The present study explores the capability of COMSOL Multiphysics, as a finite element modelling (FEM) tool, to model the interaction between a split-D differential surface eddy current (ECT) probe and semi-elliptical surface electrical discharge machined (EDM) notches. The effect of the small probe’s lift-off and tilt on its signal is investigated through modelling and subsequently, the simulation outcomes are validated using the probe’s impedance measurements. In the next stage, an adaptive neuro-fuzzy inference system (ANFIS) is designed to take the signal features as inputs and consequently, provide the length of the scanned notch as the system’s output.
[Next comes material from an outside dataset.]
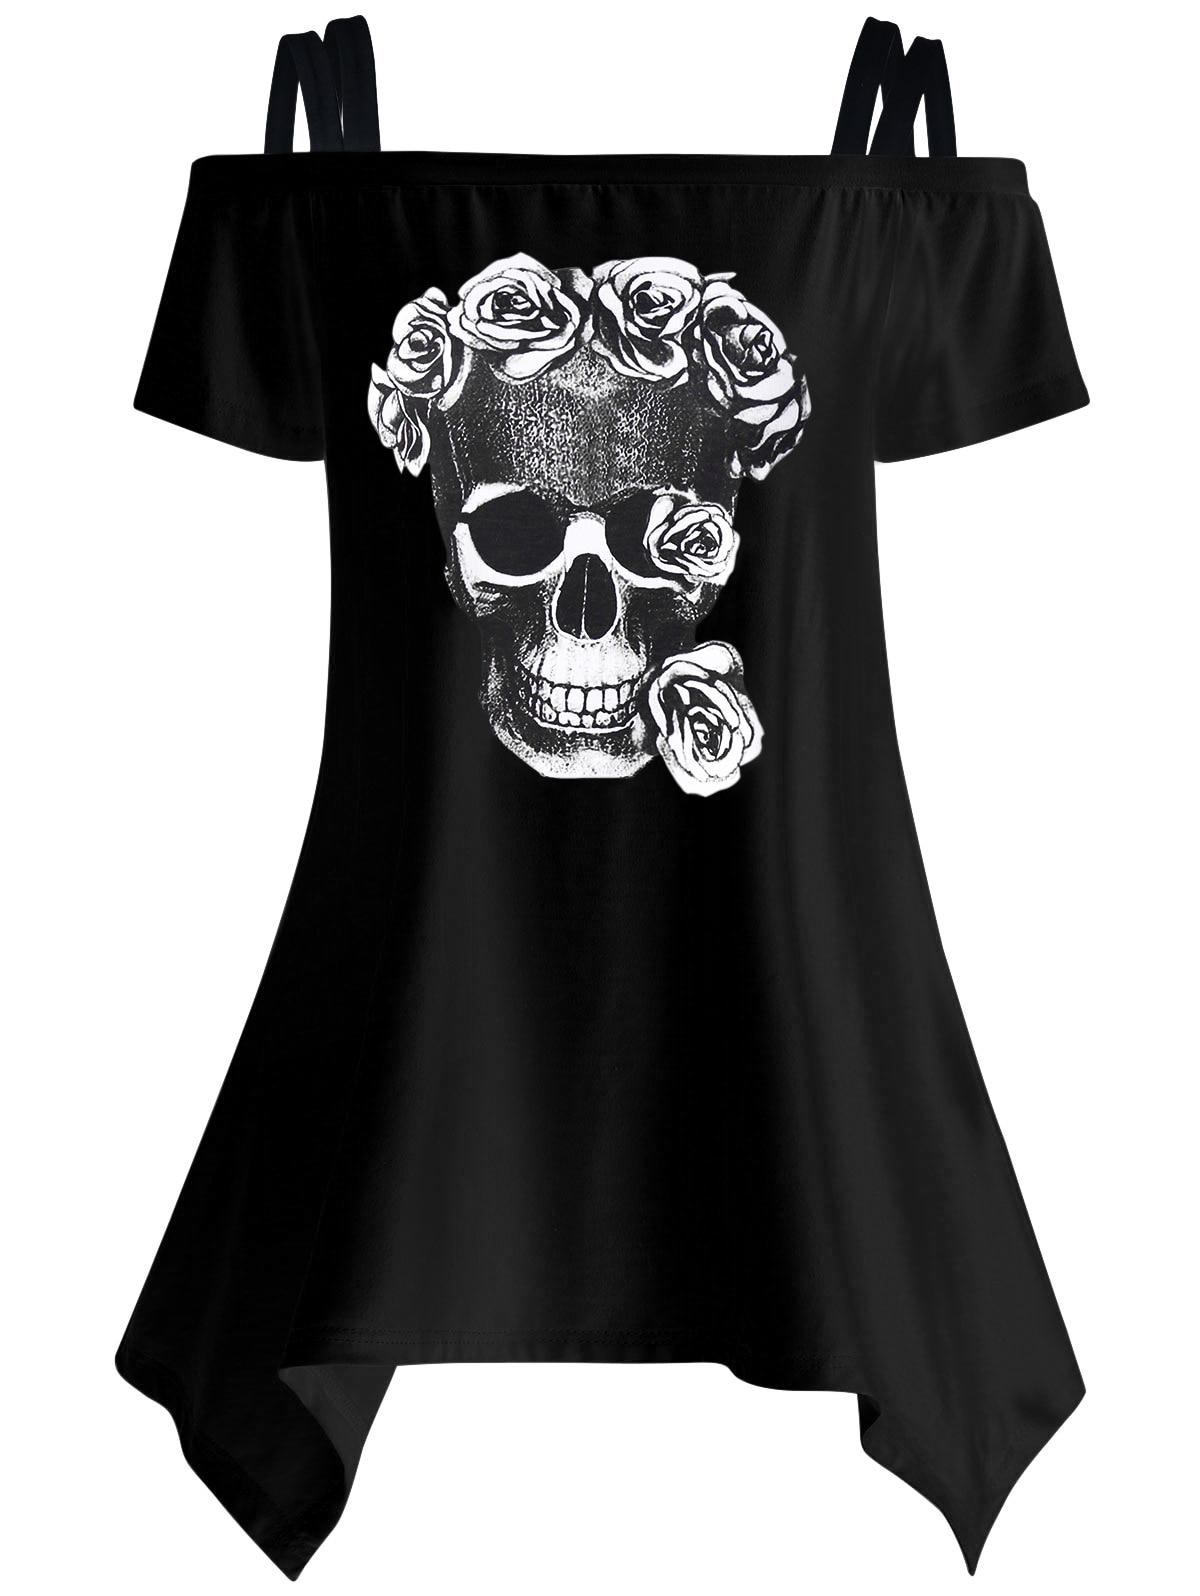 Mujeres Casual manga corta Camisetas Skull imprimir camisetas femeninas del hombro 2017 verano túnica Mujer Tops LJ9615E

The system is trained by extracted features of thirty model-generated signals obtained from scanning of the same number of semi-elliptical notches by means of the split-D probe. The trained ANFIS is tested afterwards using the measured signals of 3 calibration EDM notches together with 5 model-based ones. A very low average estimation error is observed with regard to the length estimation of the test notches and the accuracy of the length estimation is found to be quite reasonable.

Highlights

  • Depending on the configuration of eddy current testing (ECT) probes, diverse analytical and semi-analytical models have been in use to study the interaction of these probes with surface and near surface flaws

  • In the present study, Finite element modelling (FEM) is exclusively used to compute the impedance of a split-D probe as it scans over 30 semi-elliptical electrical discharge machined (EDM) notches with different dimensions in order to form a size dependent signal archive

  • It is noted that semielliptical EDM notches are used to generate impedance trajectories since they can fairly be representative of surface fatigue cracks in terms of the shape [7]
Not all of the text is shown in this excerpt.